Population (2024-12-31)
- • Total: 61,192
- • Density: 8,100/km^{2} (21,000/sq mi)
- Time zone: UTC+01:00 (CET)
- • Summer (DST): UTC+02:00 (CEST)
- Dialling codes: 040
- Vehicle registration: HH

= Winterhude =

Winterhude (/de/) is a quarter in the ward Hamburg-Nord of Hamburg, Germany. As of 2020, the population was 56,382.

==History==

Winterhude was first mentioned in the 13th century, but archeological findings of tools, weapons and grave-mounds were dated to 1700 BC and 700 BC.

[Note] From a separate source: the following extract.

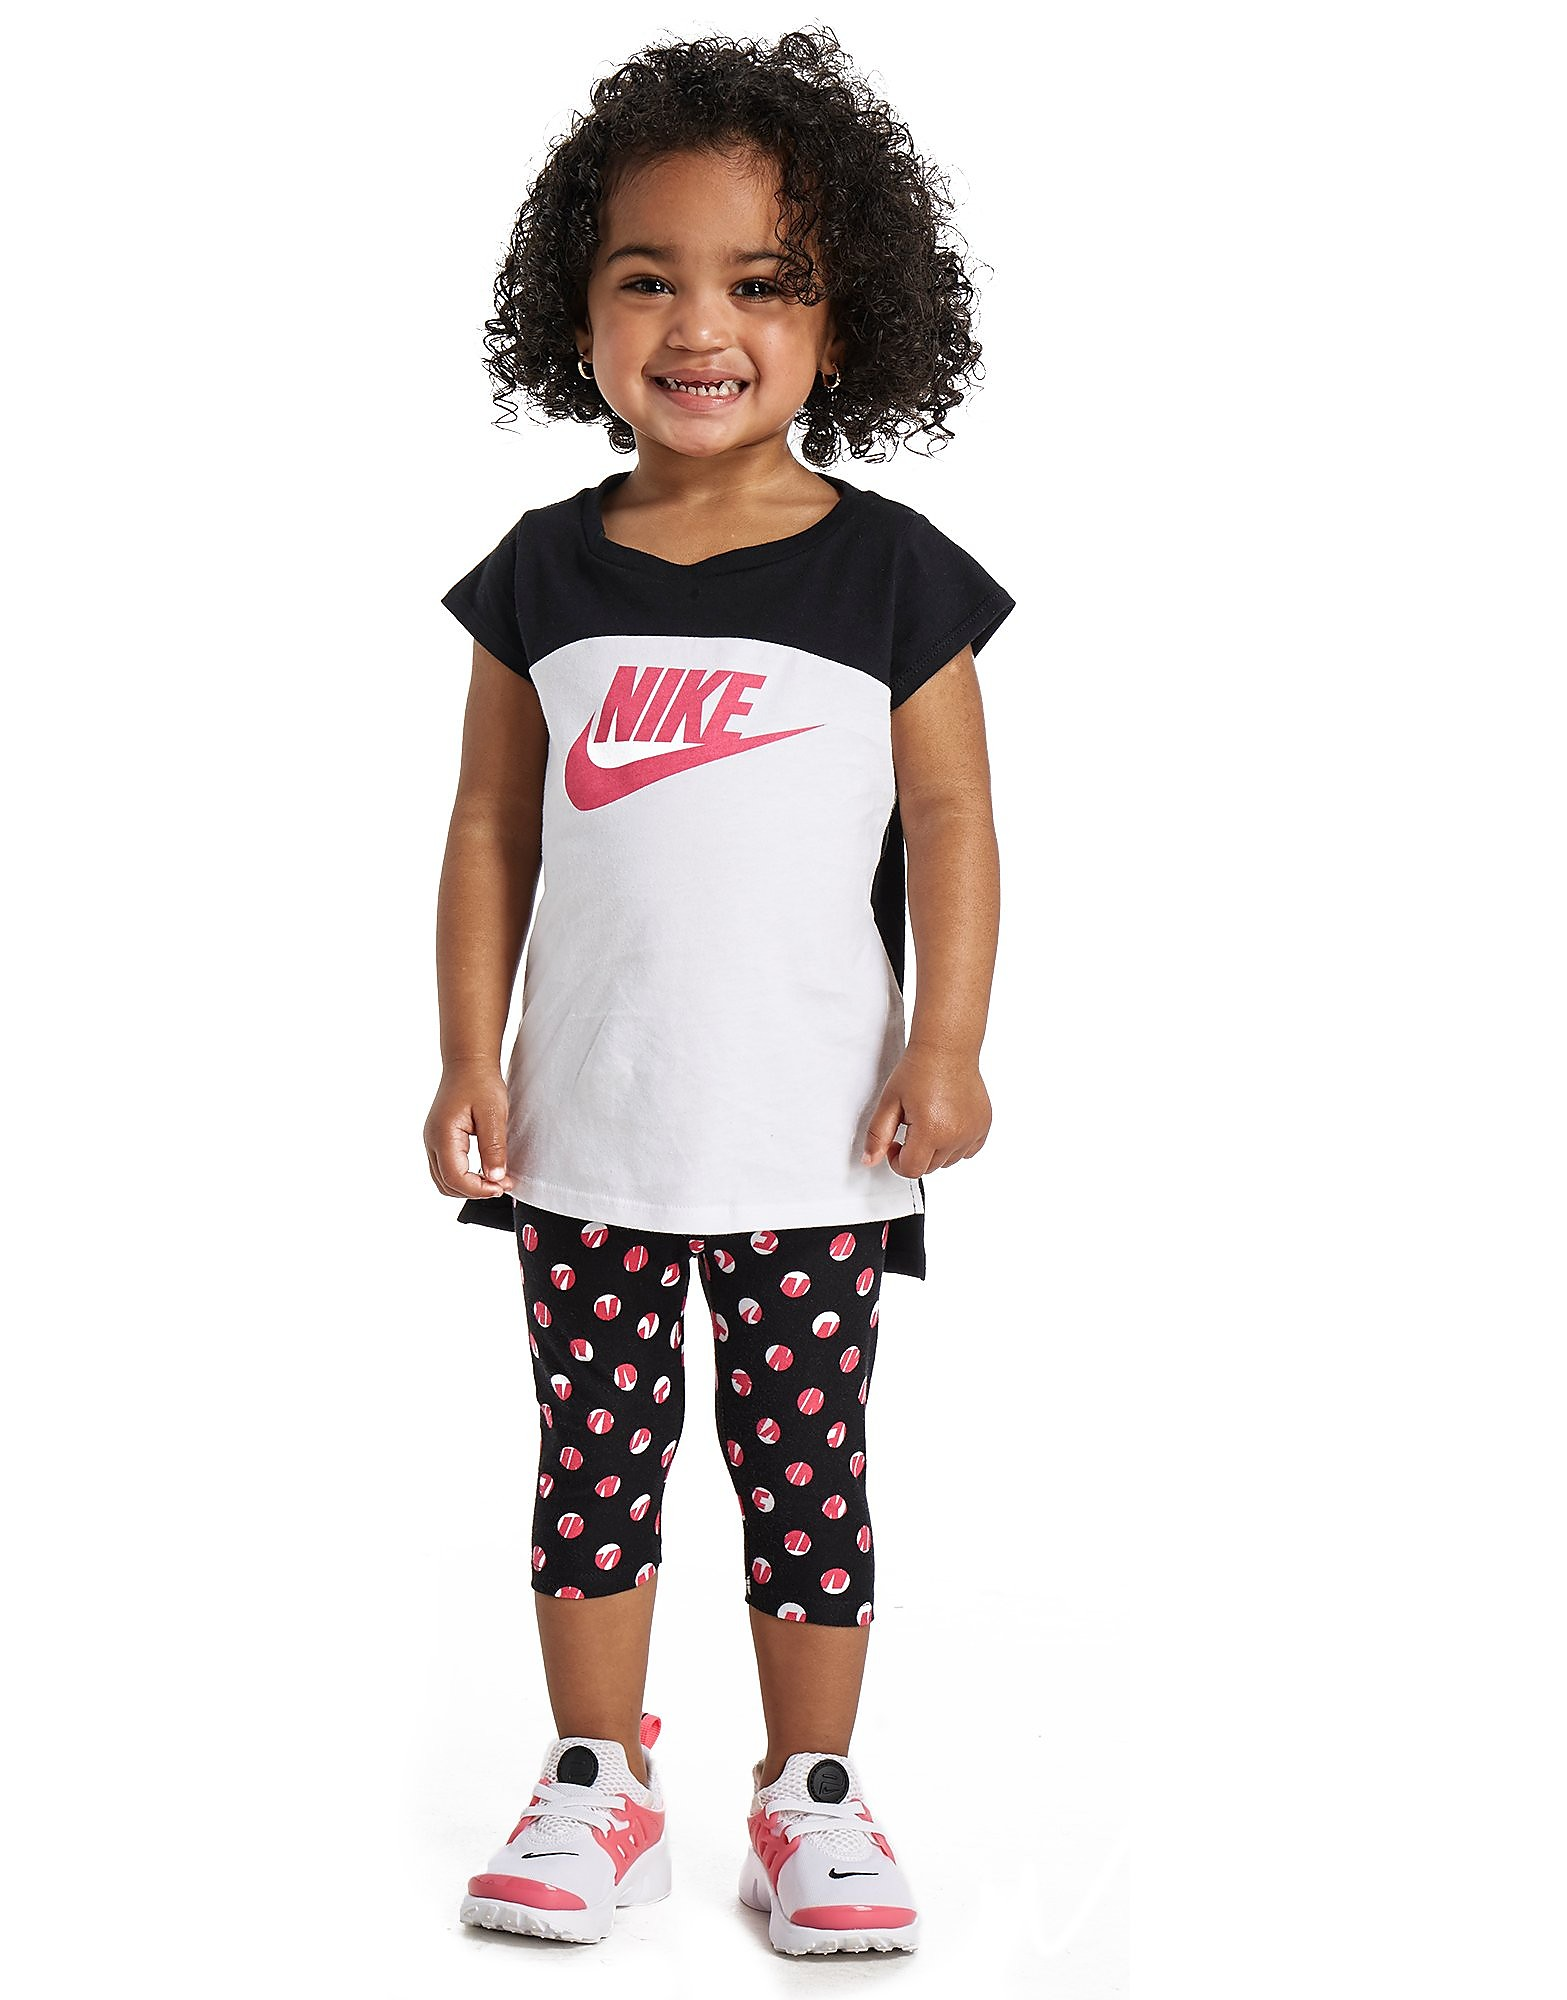 Nike Girls' T-Shirt and Leggings Set Infants
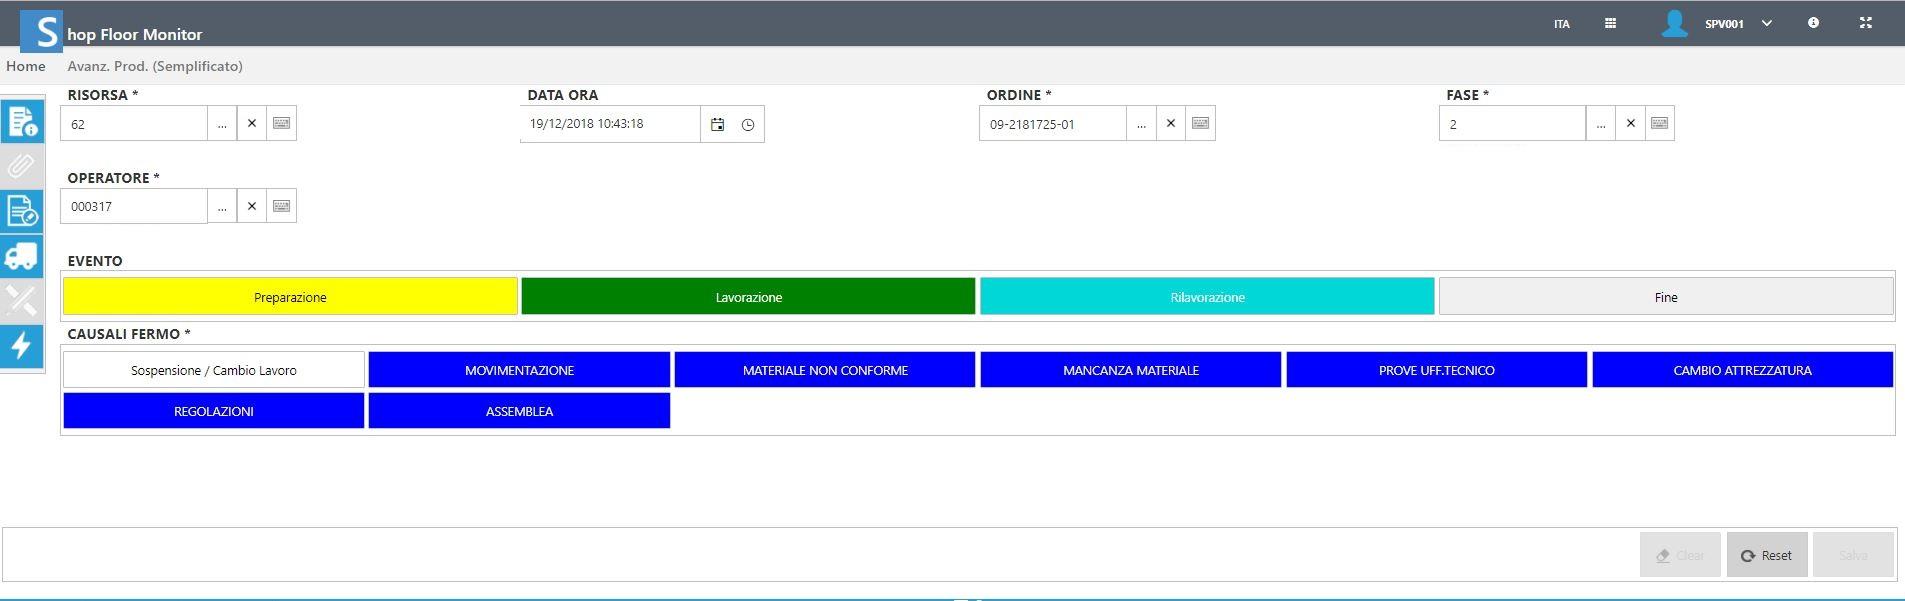 Una schermata del sistema MES in Nobili Spa

During World War II, the port of Hamburg and therefore Winterhude were targets of the air raids of the so-called Operation Gomorrah.
==Geography==
In 2006, according to the statistical office of Hamburg and Schleswig-Holstein, the Winterhude quarter has a total area of 7.6 km^{2}. To the north is the Alsterdorf quarter and the Barmbek-Nord quarter is in the east. In the west are the Eppendorf and the Harvestehude quarters and in the south are the Uhlenhorst and Barmbek-Süd quarters.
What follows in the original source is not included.